Motivation for conducting this systematic simulation study is our unique GeoPET method (Positron Emission Tomography) that allows the visualization of the spatio-temporal tracer distribution in geologic media (Richter et al., 2000; Gründig et al., 2007; Kulenkampff et al., 2008). The real complexity of thus directly observed flow fields is always surprising. Even for non-reactive tracers quantitative transport simulations typically remain a challenge due to the need for detailed knowledge of hydrodynamic parameter values in 3D with a certain critical spatial resolution.

Here we show simulation results obtained by the COMSOL Multiphysics code coupled with PHREEQC (Wissmeier and Barry, 2011) and compare them with measurement results (BTC) from reactive transport (herbicide MCPA on goethite/sand).

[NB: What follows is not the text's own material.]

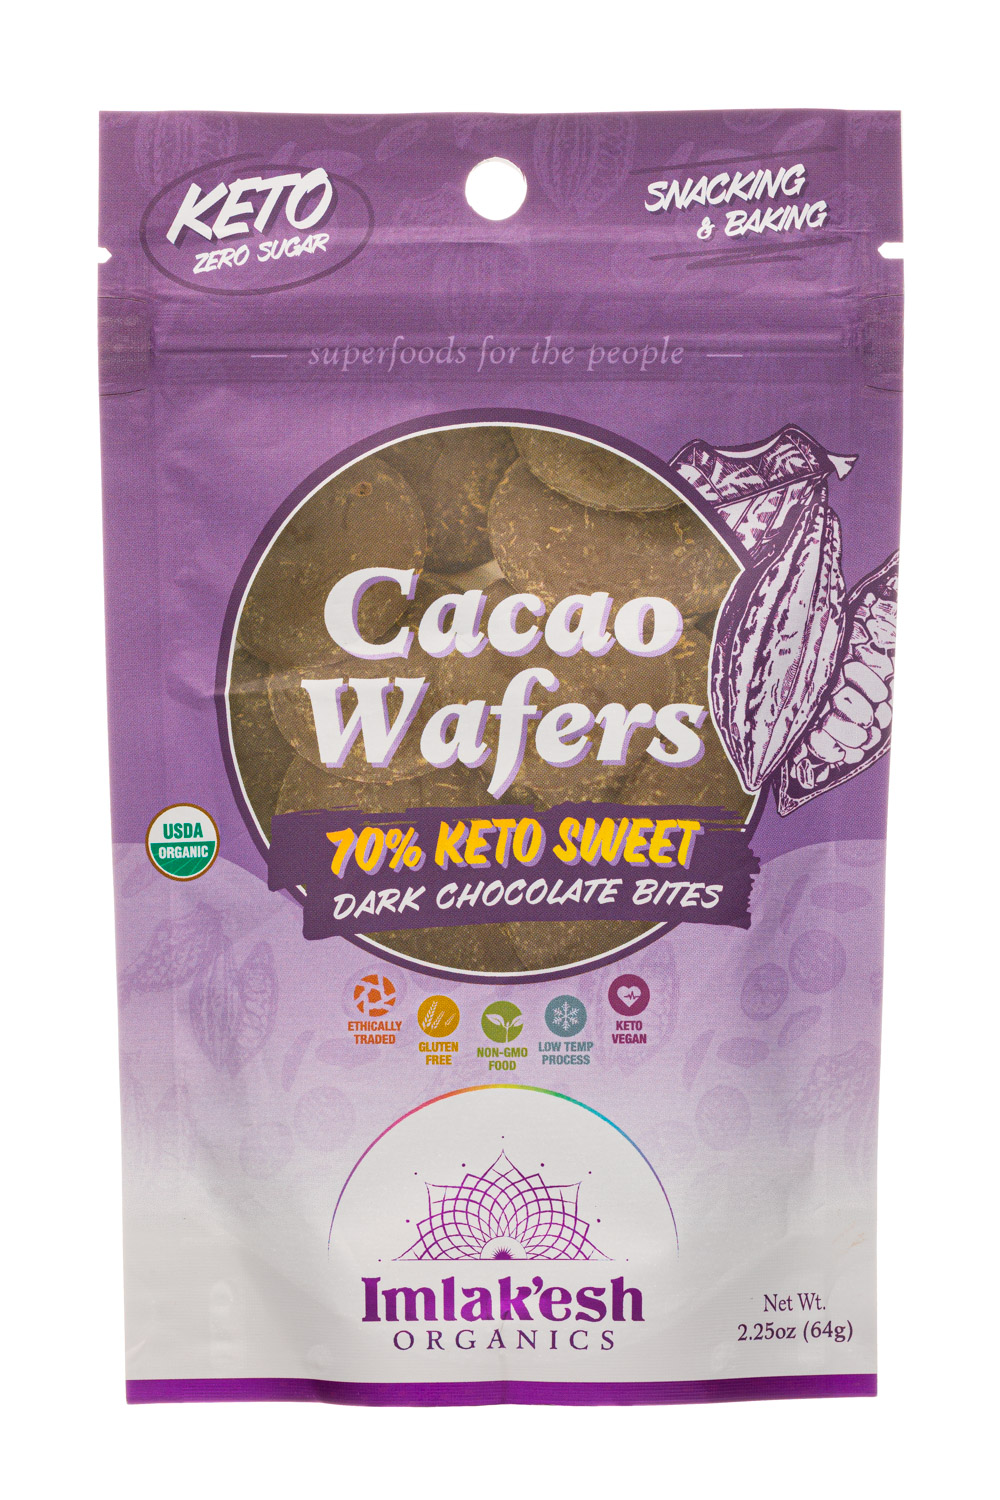 Cacao Wafers - 70% Keto Sweet

CD-MUSIC adsorption model parameter were obtained from Kersten et al., (2014). The underlying structural heterogeneity of the simulated column experiments reflects preferential flow along the column boundaries caused by locally elevated permeability in otherwise homogeneous sand packing as verified by the GeoPET images from both conservative and reactive tracer experiments.

References
Gründig, M., Richter, M., Seese, A. and Sabri, O., 2007. Tomographic radiotracer studies of the spatial distribution of heterogeneous geochemical transport processes. Applied Geochemistry, 22: 2334-2343.
Kersten, M., Tunega, D., Georgieva, I. and Vlasova, N., 2014. Surface complexation modeling of herbicide adsorption by goethite: 1. 4-chloro-2-methylphenoxyacetic acid (MCPA). Environmental Science & Technology, submitted.
Kulenkampff, J., Gründig, M., Richter, M. and Enzmann, F., 2008. Evaluation of positron emission tomography for visualisation of migration processes in geomaterials. Physics and Chemistry of the Earth, 33: 937-942.
Richter, M., Gründig, M. and Butz, T., 2000. Tomographische Radiotracerverfahren zur Untersuchung von Transport- und Sorptionsprozessen in geologischen Schichten. Zeitschrift für Angewandte Geologie, 46(2): 101.
Wissmeier, L. and Barry, D.A., 2011. Simulation tool for variably saturated flow with comprehensive geochemical reactions in two- and three-dimensional domains. Environmental Modelling & Software, 26(2): 210-218.